A veiled expression came over Phillips’s face. “I’m not at liberty to discuss the company.”
“That’s really a shame. And I’ll tell you why. Because hearing this obstructionist attitude—and hearing it from your own lips—is just going to reinforce my associate’s notion that his way of handling this is the right way to go. I’ll be embarrassed—and your son will never, ever get a law degree.”
Phillips did not reply.
“It’s also a shame because Agent Pendergast here is in a position to help, as well as to hurt.” Hayward paused briefly to let this sink in. “You see, you’ll need the FBI’s help if you want to correct your son’s record. With a drug conviction like that… well, as you might imagine, there will be a federal file to take care of, in addition to the local paperwork.”
Phillips swallowed. “We’re talking about a small-time drug conviction. The FBI would have no interest in that.”
“Possession with intent to sell.
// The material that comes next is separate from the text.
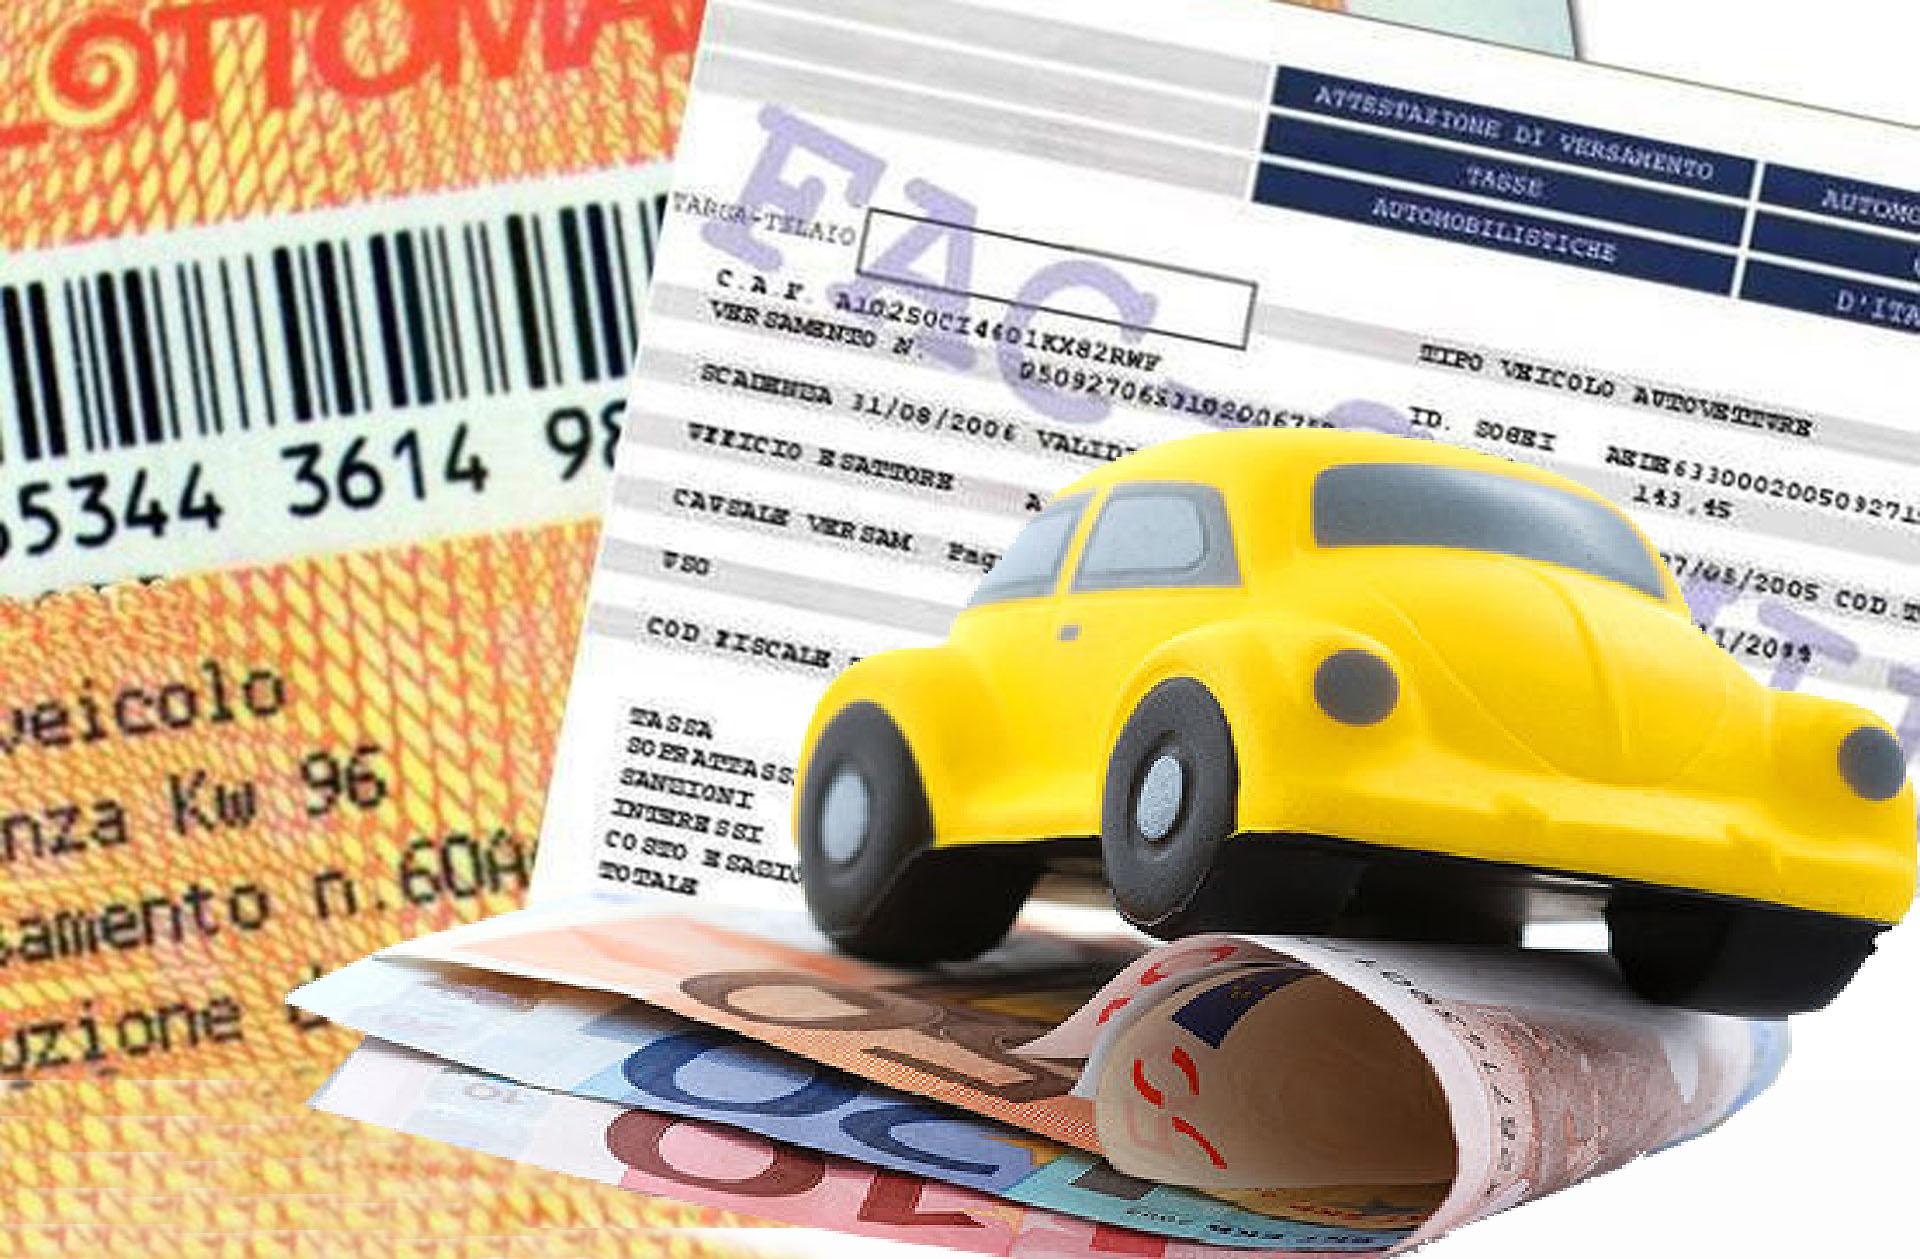 Bollo auto: prelievo forzoso nel conto corrente se non paghi

That automatically generates a federal file.” She nodded slowly. “Being a corporate lawyer, perhaps you didn’t know that. Trust me, that file is sitting in a cabinet somewhere, a time bomb waiting to blow up your son’s future.”
Pendergast stood beside her, motionless. He hadn’t said a word during the entire exchange.
Phillips licked his lips, wet them with the martini, exhaled. “What is it you want to know, exactly?”
“Tell us about the avian flu experiments at Longitude.”
The ice chips in the martini tinkled as Phillips’s hand shook.
“Mr. Phillips?” Hayward prompted.
“Captain, if I spoke to you of that, and the fact got out, it would result in my death.”